5. PAYMENT - All purchases shall be paid for as described in the product's
current Prospectus. Otherwise, Investors reserves the right, without
notice, to immediately cancel the sale and, at its option, to hold the
Dealer responsible for any resulting loss suffered by Investors, Fortis
Benefits, or the issuer of the product.
6. REPRESENTATIONS - (a) The Dealer is not authorized to make any
representations concerning these products except those contained in the
then current Prospectus, Statement of Additional Information, or in
current material furnished by Investors which is officially designated
as approved advertising or sales literature.

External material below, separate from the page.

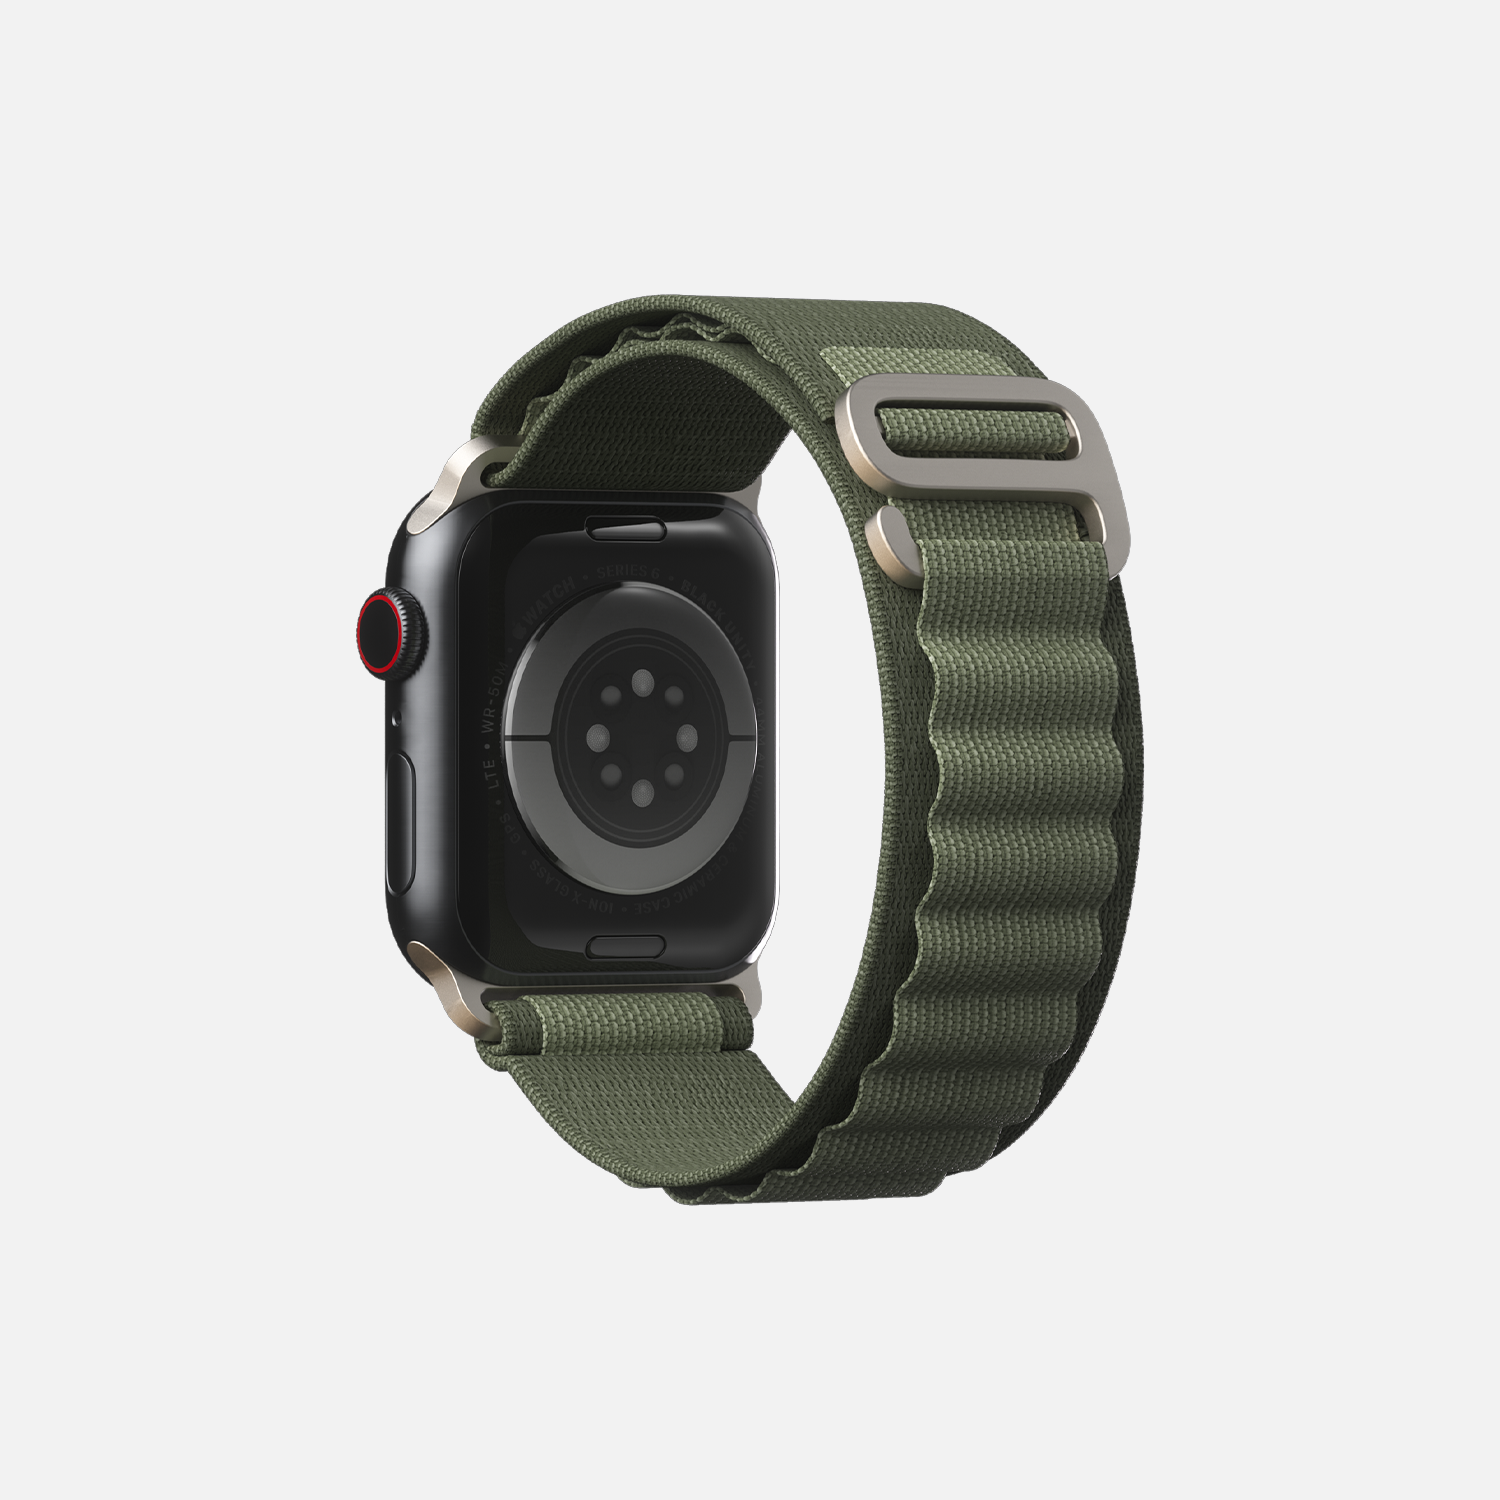 Rear view of a smartwatch with sage green woven strap, black casing, and red digital crown on white background.

(b) The Dealer agrees not to sell, or offer for sale, any product
available hereunder unless it has met all necessary federal, NASD, and
state regulatory licensing and other requirements for doing so,
including any Prospectus and Statement of Additional Information
delivery requirements and Section 26 of Article III of the NASD Rules of
Fair Practice (which pertains to the sale of investment company
securities); and agrees to be solely responsible for the proper
licensing, conduct, and supervision of its representatives. Expulsion of
either party from the NASD will automatically terminate this Agreement
without notice.
7. INDEBTEDNESS - Compensation payable under this Agreement or any other
agreement with Investors or an affiliated company will be subject to
offsets to repay any indebtedness or claims now due, or which may become
due at any time from the Dealer to Investors or such affiliate.

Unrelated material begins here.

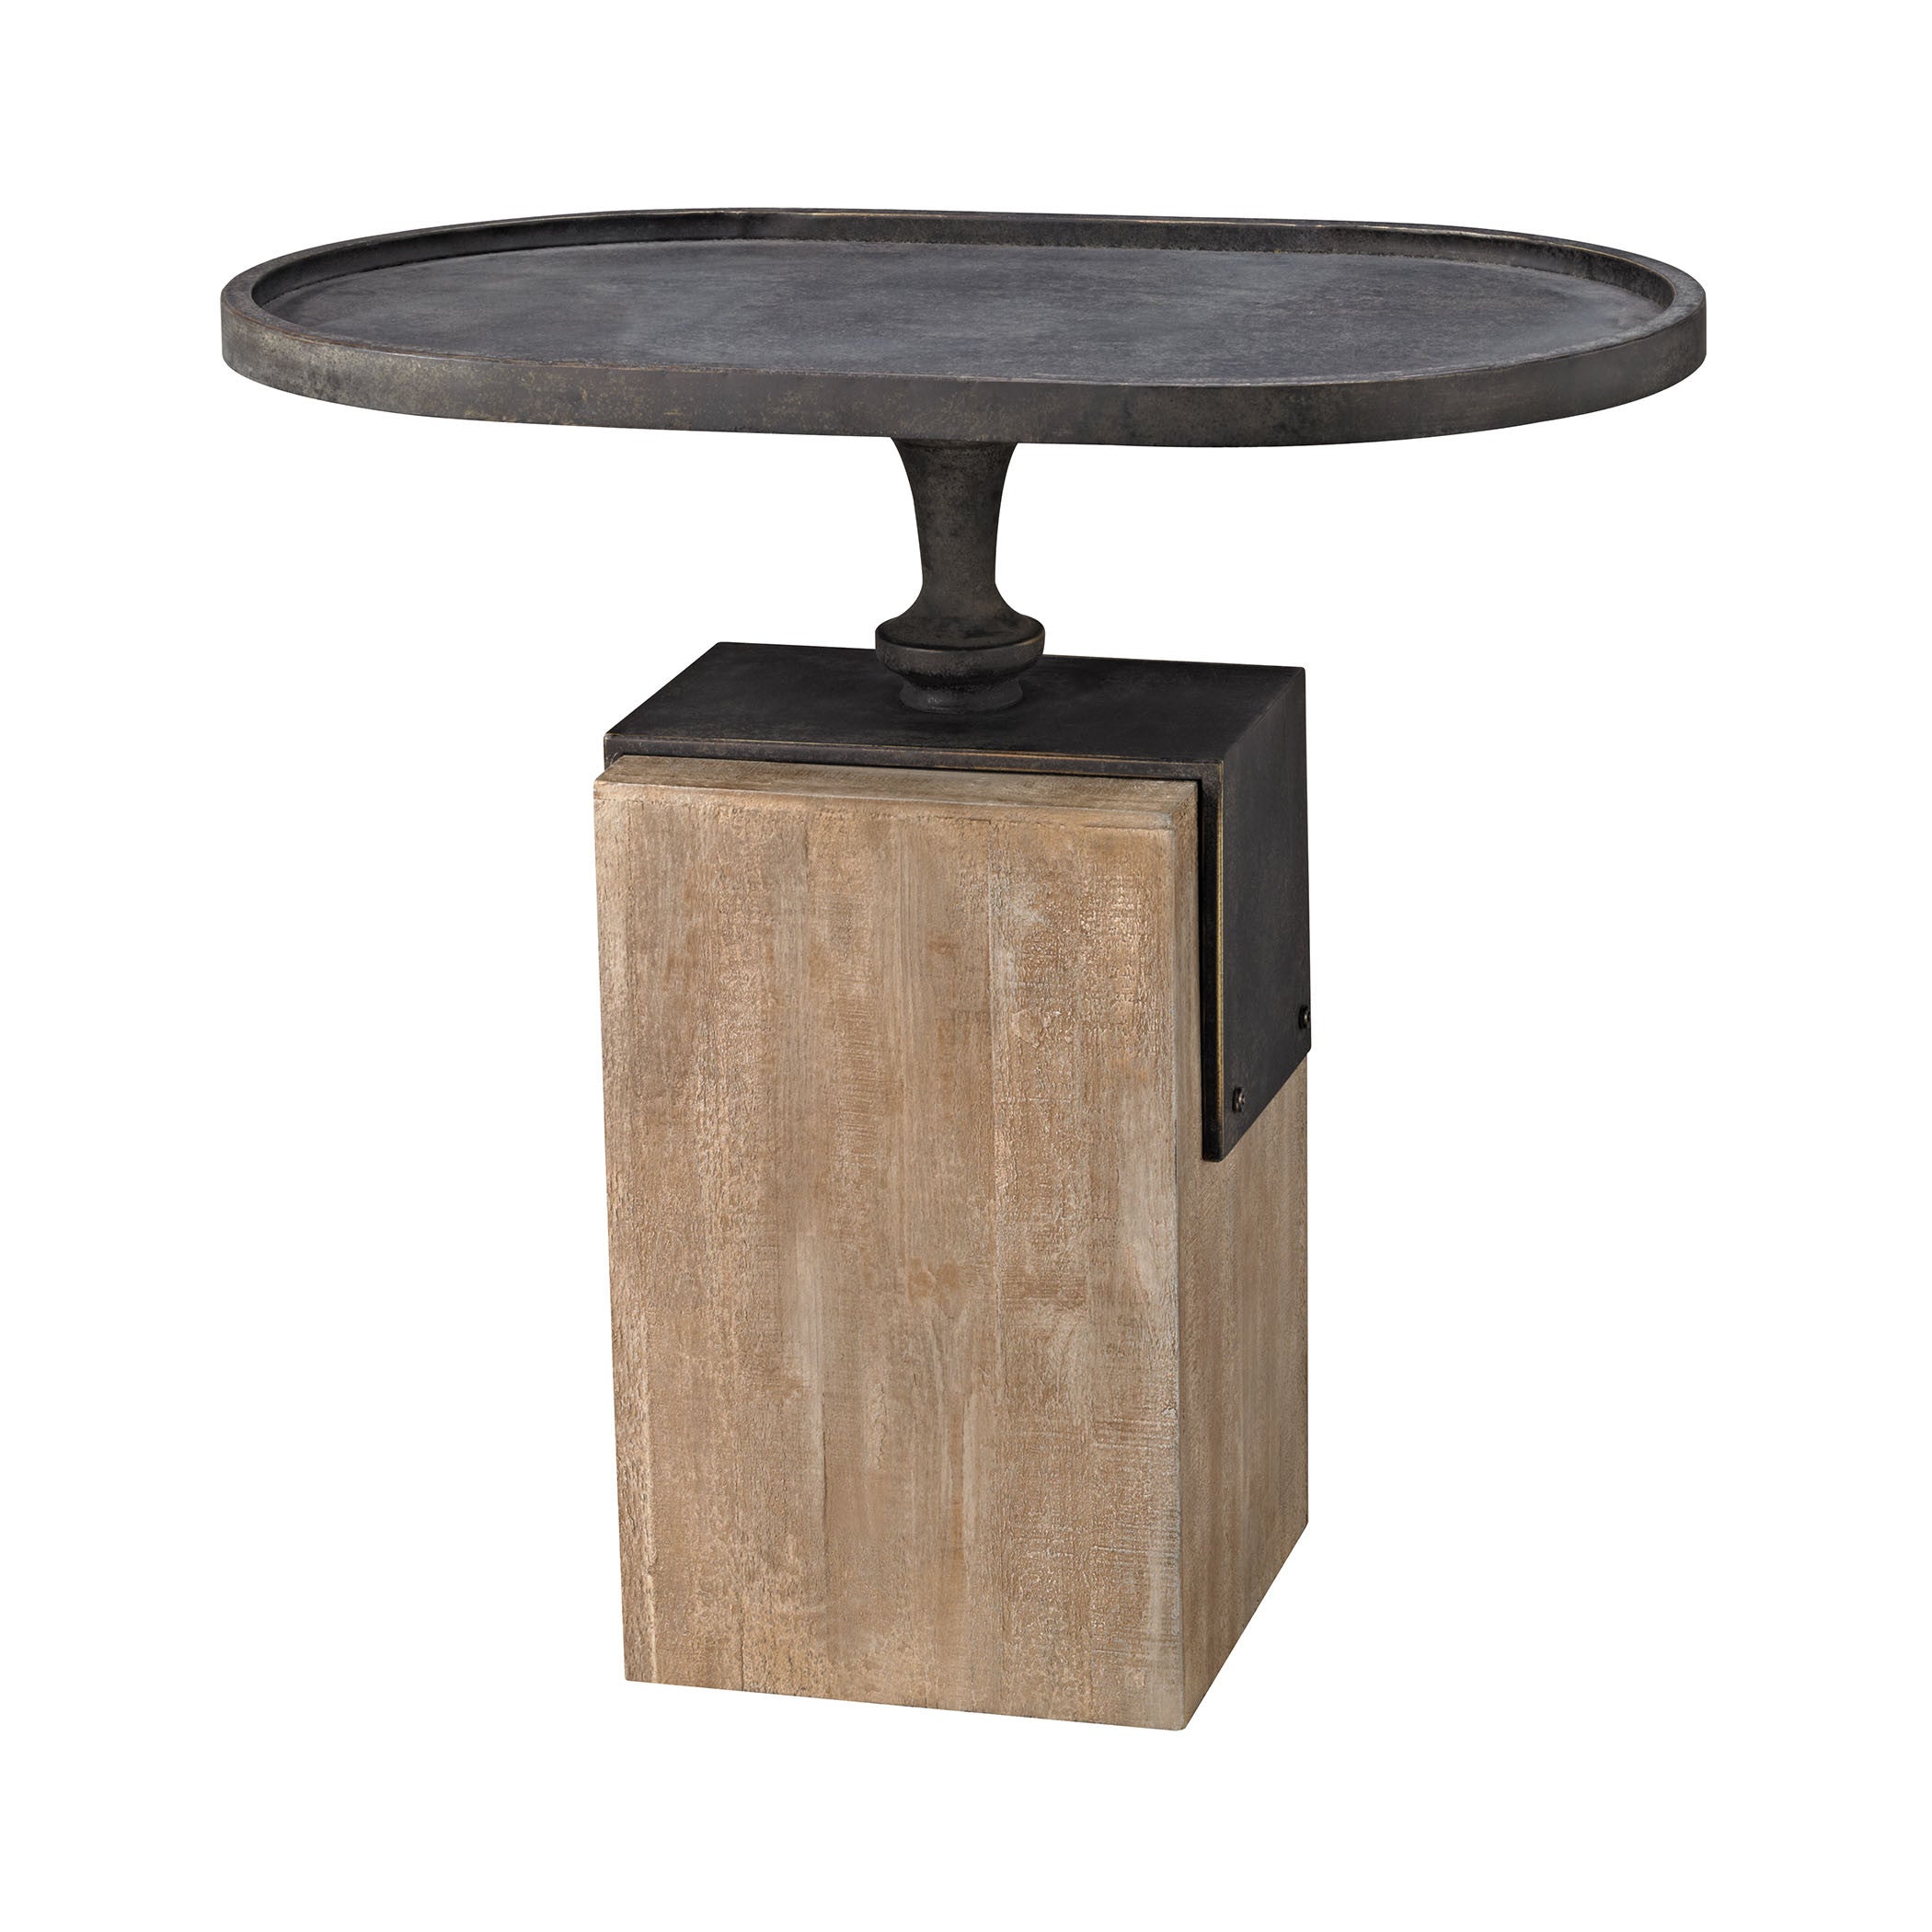 Guildmaster Gui-326-8724 Robard Collection Blackened Iron,natural Woodtone Finish Table

Investors or such affiliate will have a lien on all such compensation,
as security for the payment of any and all such debts or claims, and
Investors will have the right to deduct any monies due from such
compensation, together with legal interest, without any requirement that
it first obtain the Dealer's consent or give the Dealer notice.

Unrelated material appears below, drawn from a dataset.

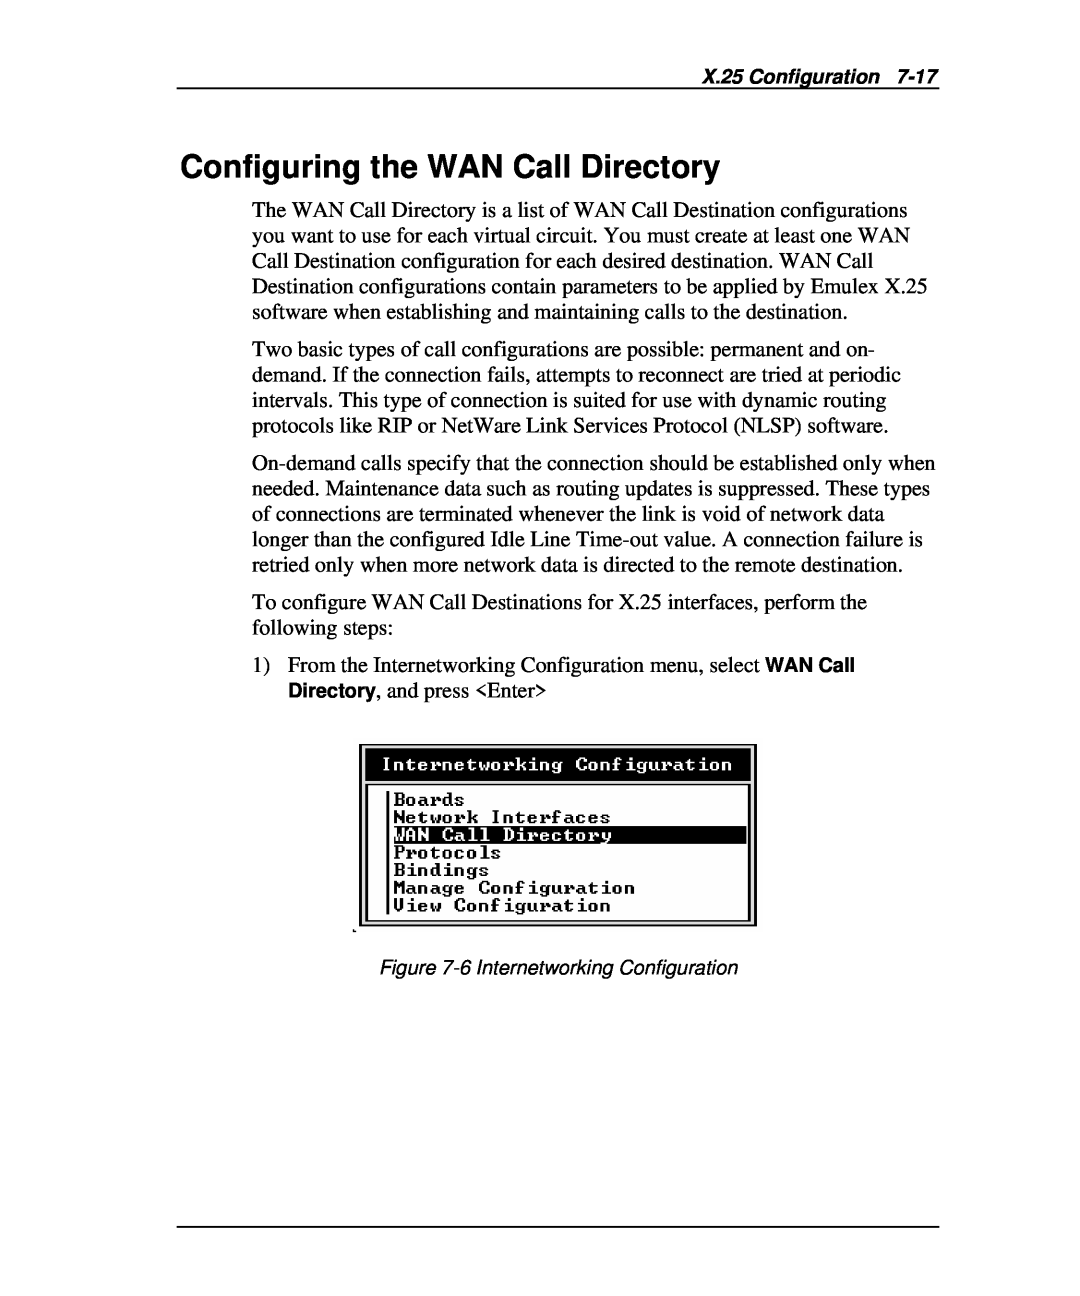 Emulex DCP_link manual Configuring the WAN Call Directory, 6 Internetworking Configuration

This lien and assignment will not be distinguished by the termination of
this Agreement and will be binding upon the Dealer's successors,
executors, administrators and assigns. Upon termination of this
Agreement, all monies and indebtedness due Investors will be payable
immediately upon demand, together with interest payable at the legal
rate from the date of such termination.
8. OTHER - (a) The dealer agrees to comply with the terms of this Agreement
and all of Investors' or Fortis Benefits' procedures for the sale of
these products, and agrees that no failure, neglect or forbearance by
Investors or Fortis Benefits to require strict performance of any such
requirements shall be construed as a waiver of their rights or
privileges hereunder.
(b) This Agreement may be terminated by either party upon seven days'
written notice.
(c) All written communications to Investors or Fortis Benefits shall be
sent to the address on the product's current Prospectus. Any notice to
the Dealer shall be duly given if mailed or telegraphed to the address
shown in the Agreement or the last known address of record.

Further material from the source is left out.